§ **RAW DATA**:
============================================================
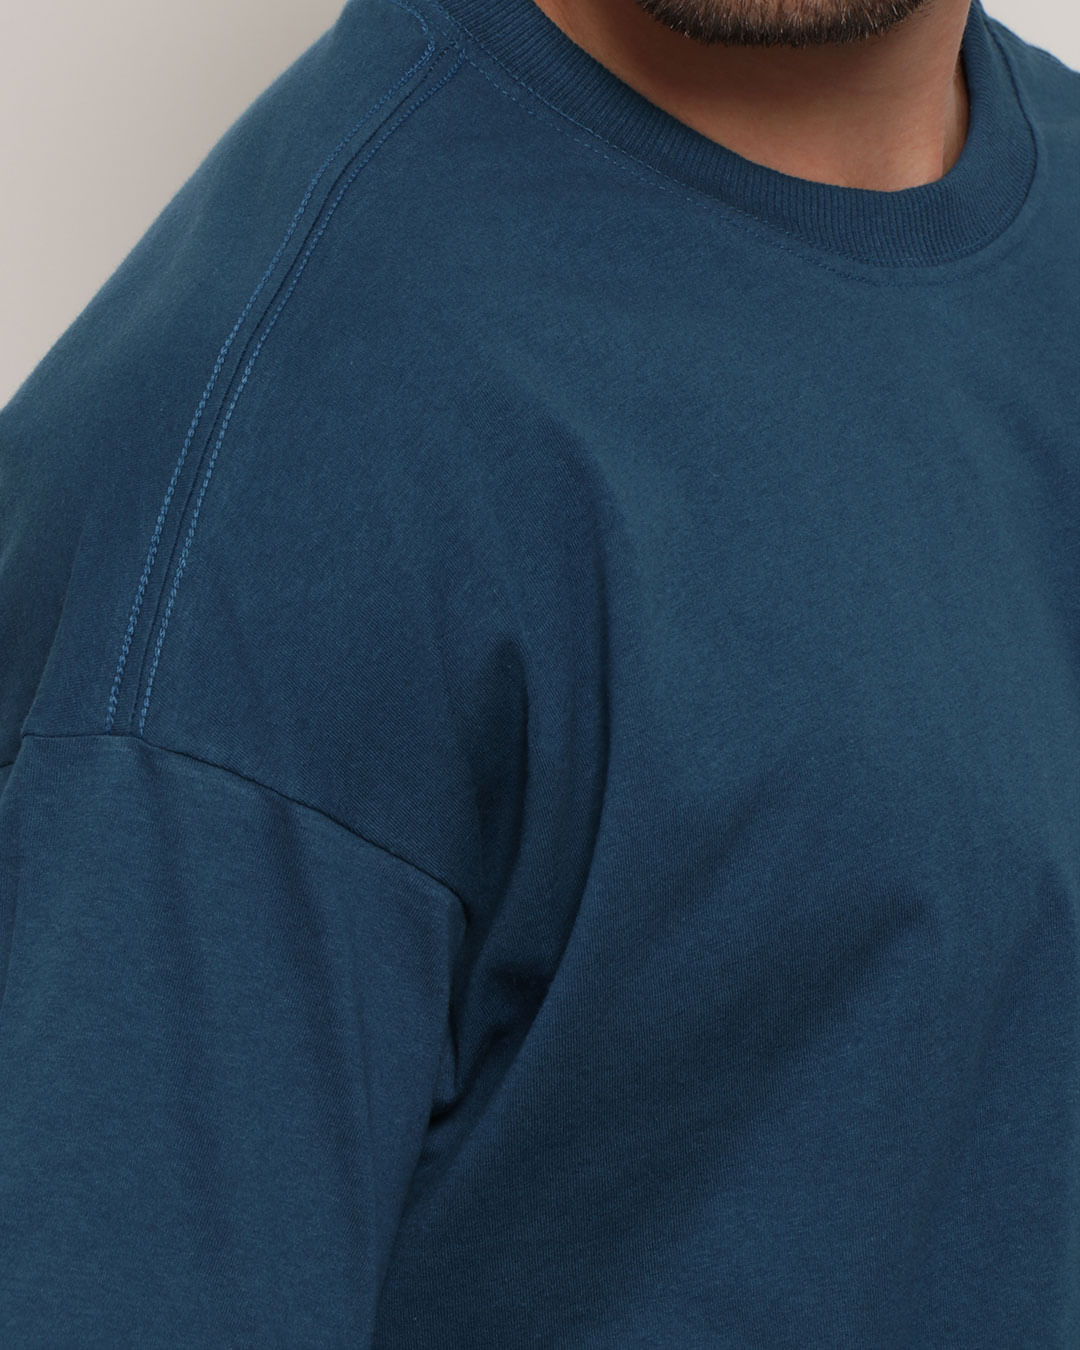 Camiseta-Over-Ubarn-15125730-Petroleo-P---Azul-Escuro
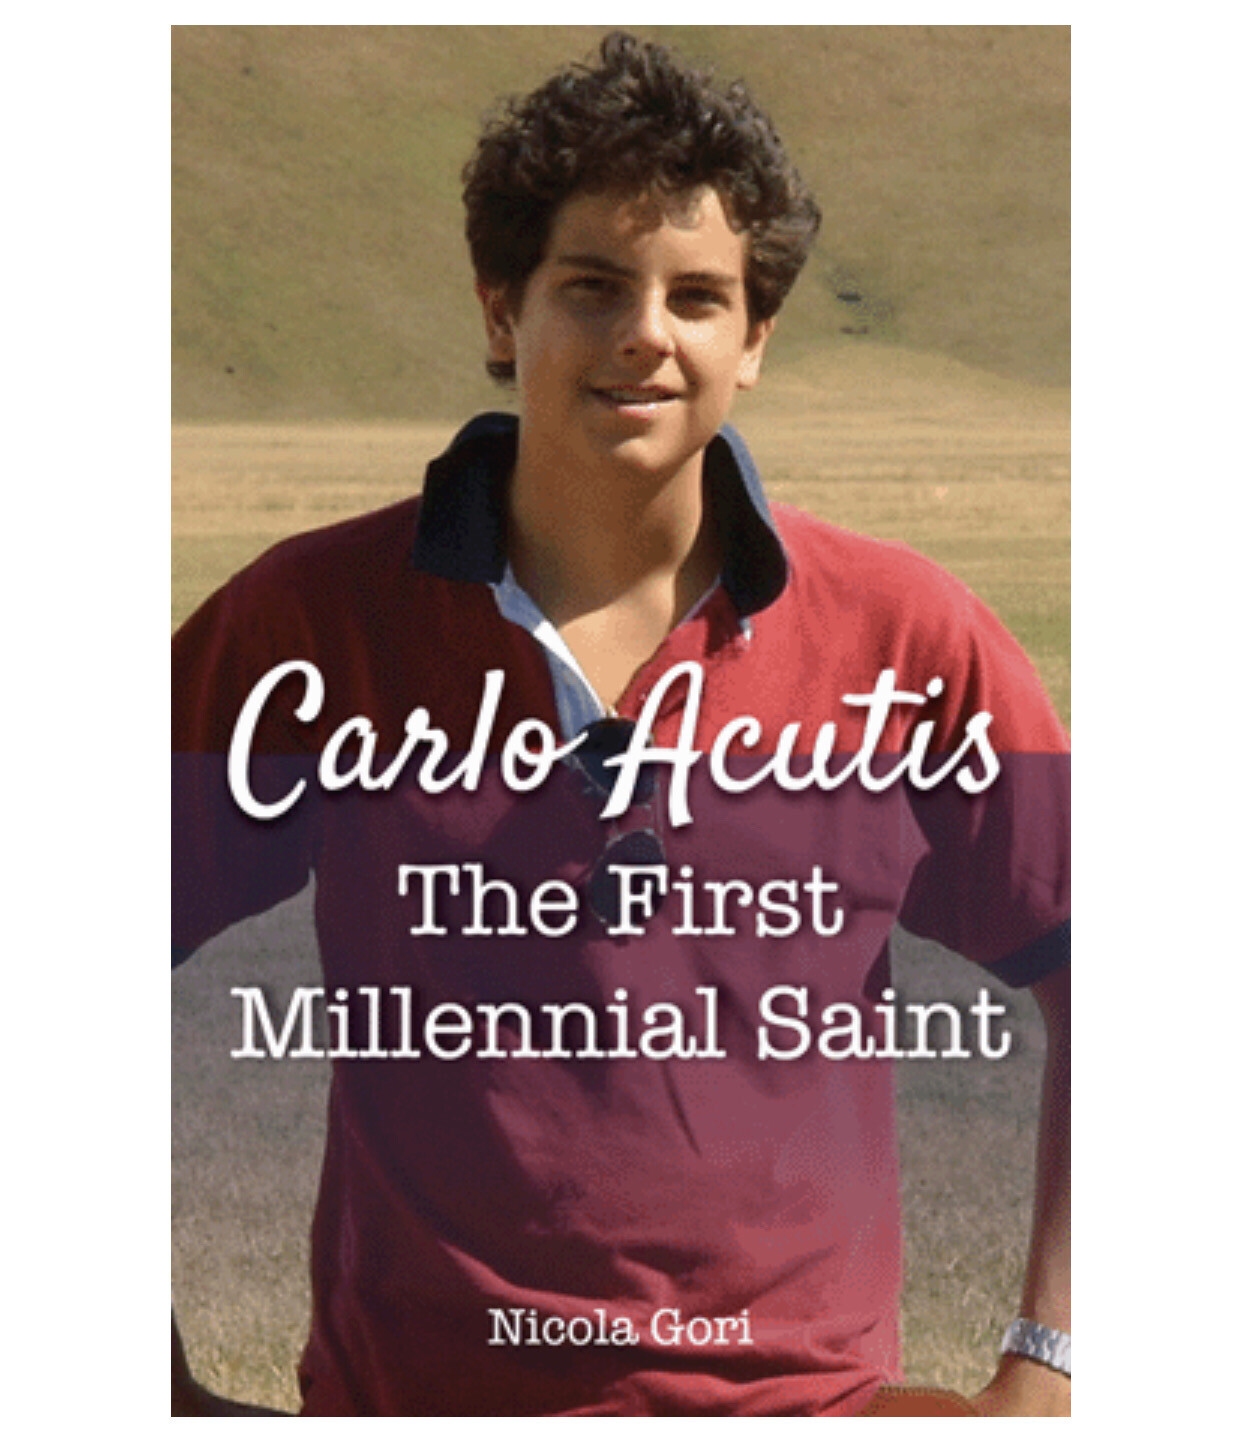 Carlo Acutis: The First Millennial Saint
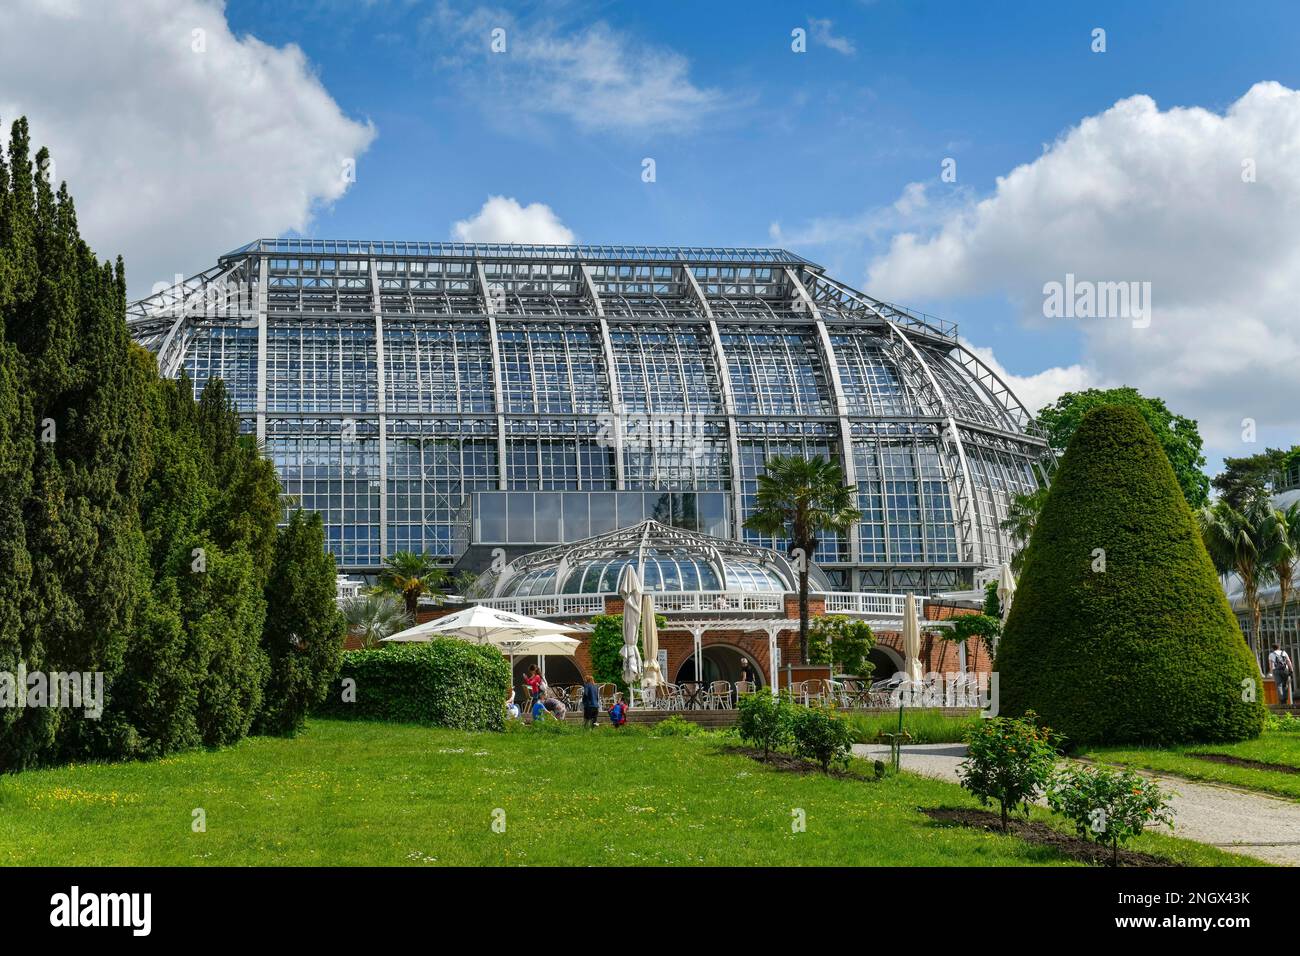 Grande maison tropicale, jardin botanique, Koenigin-Luise, Lichterfelde, Steglitz-Zehlendorf, Berlin, Allemagne, Koenigin-Luise-Strasse Banque D'Images
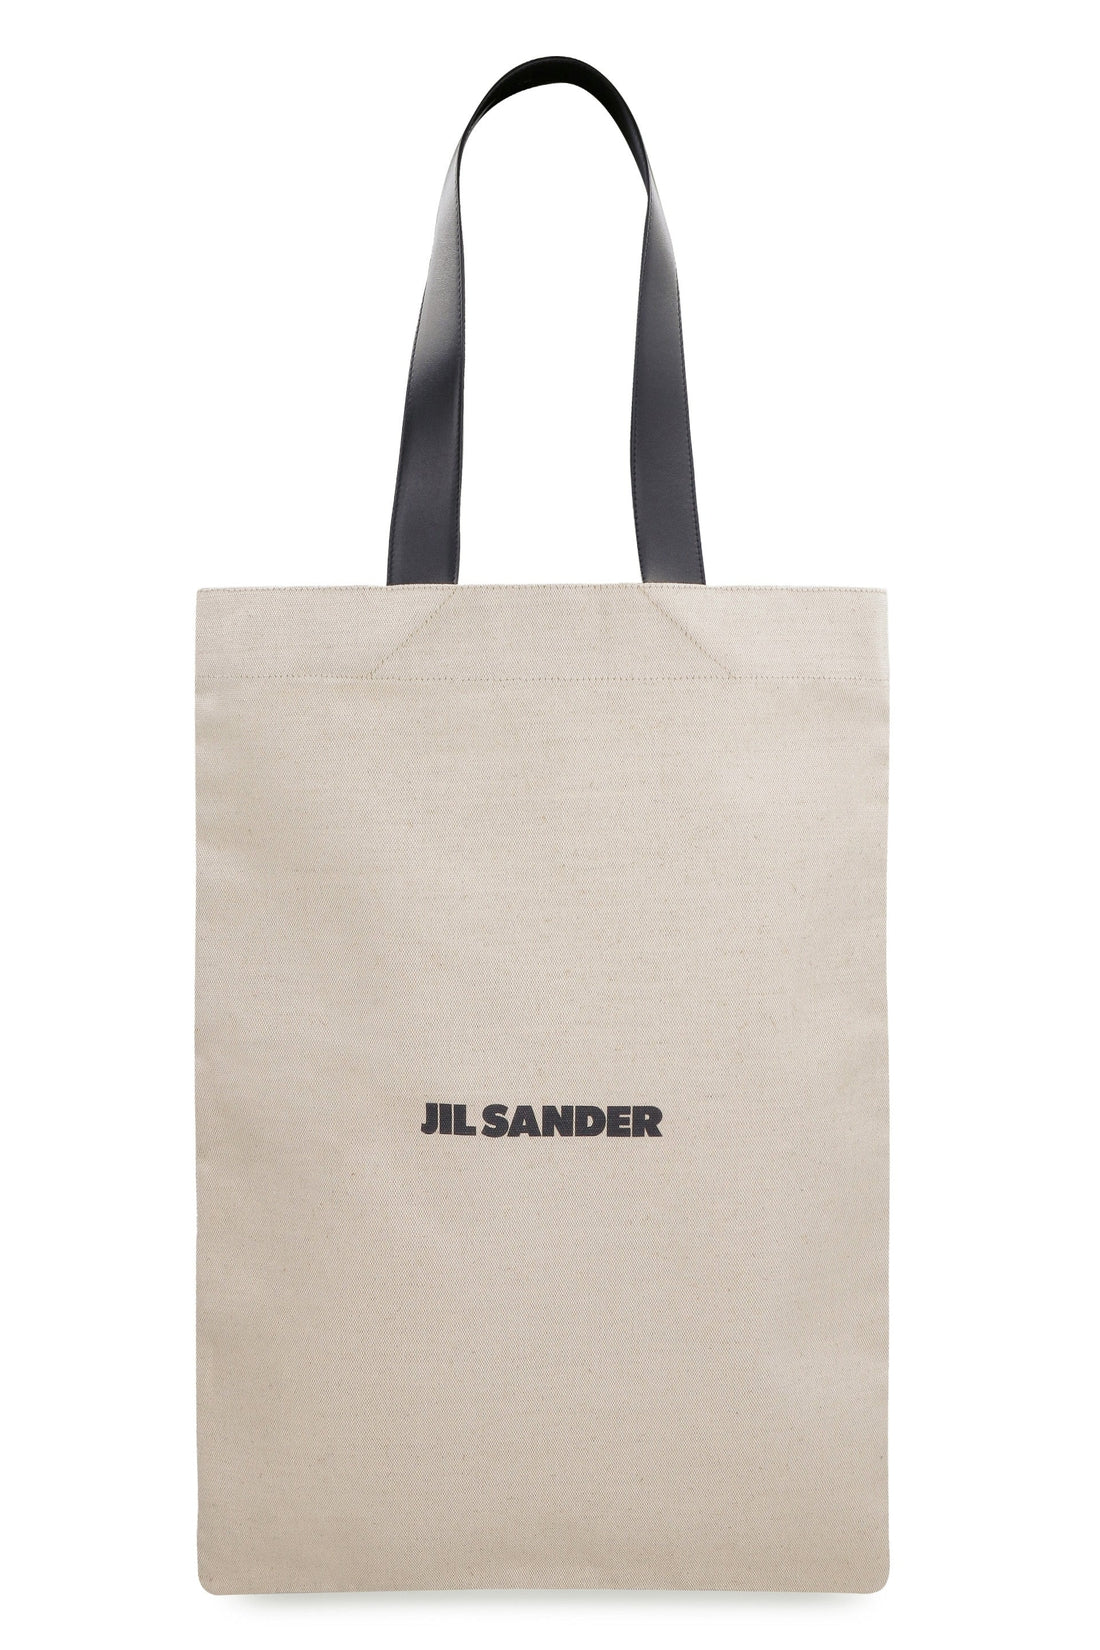 Jil Sander-OUTLET-SALE-Canvas tote bag-ARCHIVIST
============================================================
§ **EXERCISE PROMPT**:
Write the material out again exactly as it appears, dropping the pictures.

§ **WRITTEN REPLY**:
 Camiseta-Over-Ubarn-15125730-Petroleo-P---Azul-Escuro
 Carlo Acutis: The First Millennial Saint
 Grande maison tropicale, jardin botanique, Koenigin-Luise, Lichterfelde, Steglitz-Zehlendorf, Berlin, Allemagne, Koenigin-Luise-Strasse Banque D'Images
 Jil Sander-OUTLET-SALE-Canvas tote bag-ARCHIVIST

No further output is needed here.